W Berlinie, w całych Niemczech jest trochę inaczej. Wszystko odbywa się w adwencie, czyli w grudniu, w pogoni za prezentami, świątecznymi spotkaniami, wyprawami na jarmarki świąteczne. Tłok, stres, pośpiech. A w styczniu już na pewno wszędzie leżą na ulicy wyrzucone choinki, a w sklepach pojawiają się pierwsze czekoladowe zające. Nomen omen, rok zająca właśnie się zaczyna. Jak nie zająca, to królika.
Pisałam już o poświątecznym spacerze po berlińskiej Cytadeli Spandau, spokojnym, rozświetlonym poświątecznym blaskiem .
Jakże miłym zaskoczeniem była kolejna poświąteczna wyprawa do berlińskiego ogrodu botanicznego, zamienionego, a właściwie zaczarowanego – choć czar działał tylko w nocy – w Christmas Garden. Światło i dźwięk (tak wiem, koszty energii!) nienachalnie towarzyszyły nam w ciemności krótkiego dnia po wszystkich porach roku, krajobrazach jak z bajki i z całego świata, może nawet wszechświata. Księżyc był prawdziwy, ceny biletów też, a reszta iluzją lub możliwościami techniki.
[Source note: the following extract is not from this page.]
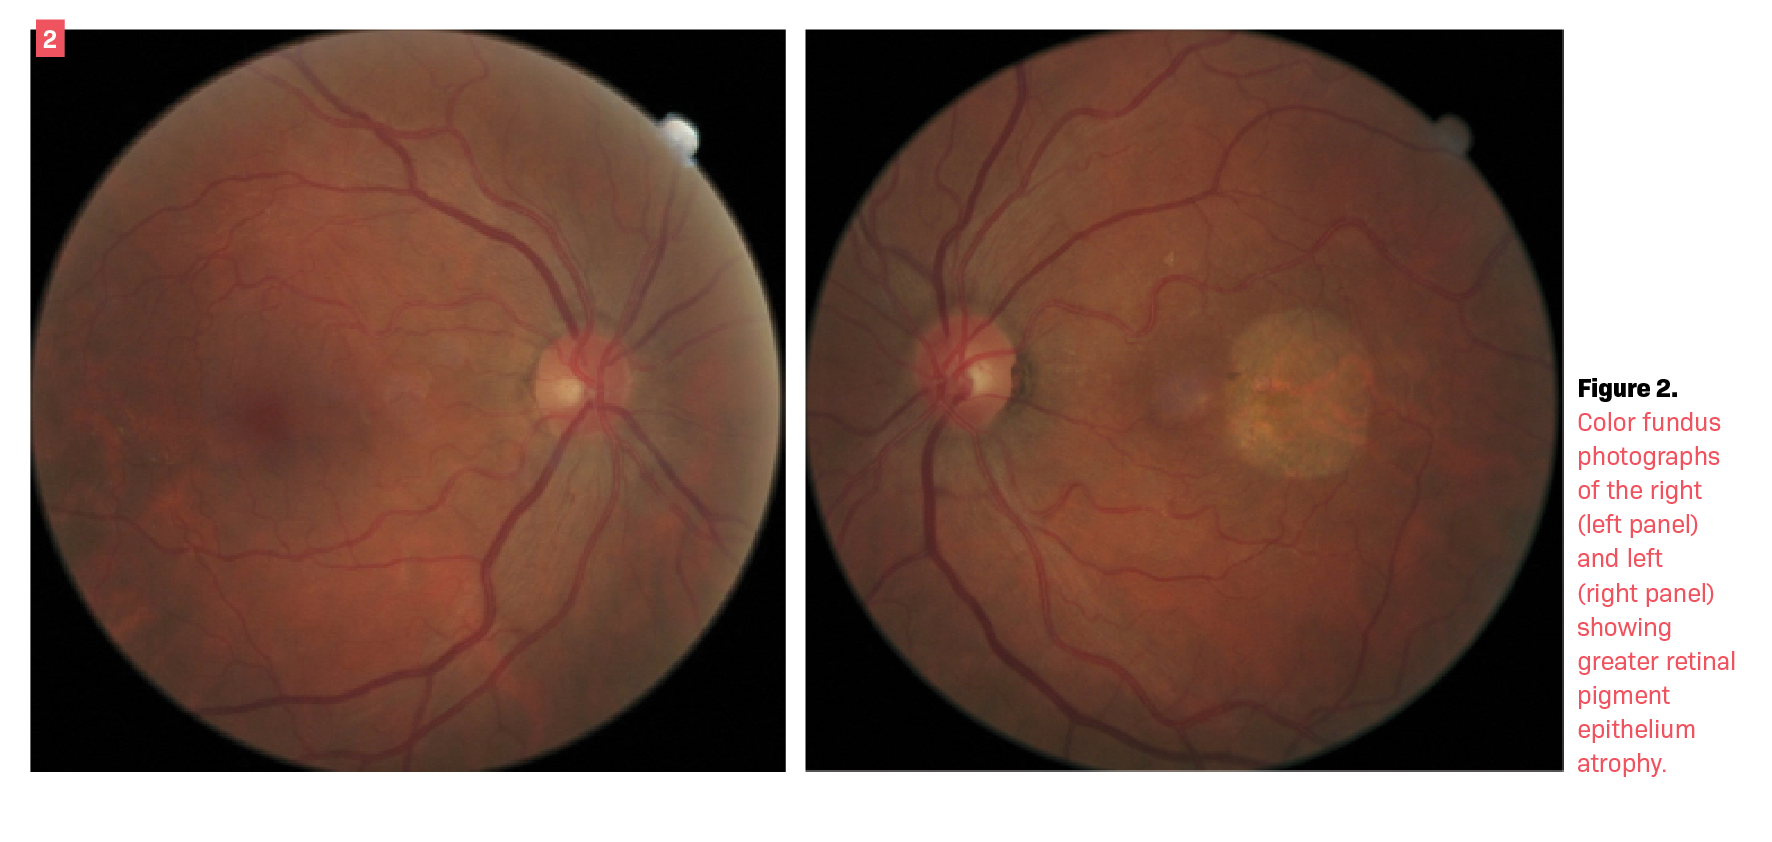 Central serous retinopathy is not a benign disease

Ogród botaniczny, najprawdziwszy, założony został w tym miejscu ponad sto lat temu, na ponad 40-hektarowych włościach domeny Dahlem. Pierwszym dyrektorem został urodzony w Żaganiu, wykształcony we Wrocławiu Adolf Engler, botanik fitogeograf i systematyk.
To on był odpowiedzialny w latach 1897–1910 za przeniesienie Berlińskiego Ogrodu Botanicznego z Schönebergu do Dahlem. Stworzył największy i najzasobniejszy ogród botaniczny w Niemczech, ogród o powierzchni 43 hektarów i z około 20.000 gatunkami roślin, drzew i krzewów. “Świat w jednym ogrodzie” – taka była idea Adolfa Englera.
Ogród obecnie należy organizacyjnie do Freie Universität Berlin.





O roślinności wspomnę mało, bo się nie znam. W zamkniętych wielkich szklarniach byłam na pewno kilka razy, pociłam się z gorąca, podziwiając egzotyczną florę, palmy, kaktusy, bananowce, damy kameliowe, jak nazwałam kwitnące kamelie, roślinność częściowo przywiezioną z dawnych kolonii niemieckich. Przy ogrodzie botanicznym działał z przerwami do 1943 roku Botaniczny Centralny Urząd dla Kolonii Niemieckich (Die Botanische Zentralstelle für die deutschen Kolonien). Czy któreś z roślin lub kolonialnych zbiorów dotrwały do naszych czasów, nie wiem, może roślinni potomkowie?
Ogród botaniczny, muzeum z biblioteką i herbarium zostały podczas II wojny światowej mocno zniszczone. Budynek muzeum odbudowano w latach 50. ubiegłego wieku. Niewiele zbiorów pozostało do dnia dzisiejszego. Po wojnie na terenie ogrodu, jak i na prawie każdym wolnym obszarze w Berlinie sadzono ziemniaki, brukiew, marchew, kapustę…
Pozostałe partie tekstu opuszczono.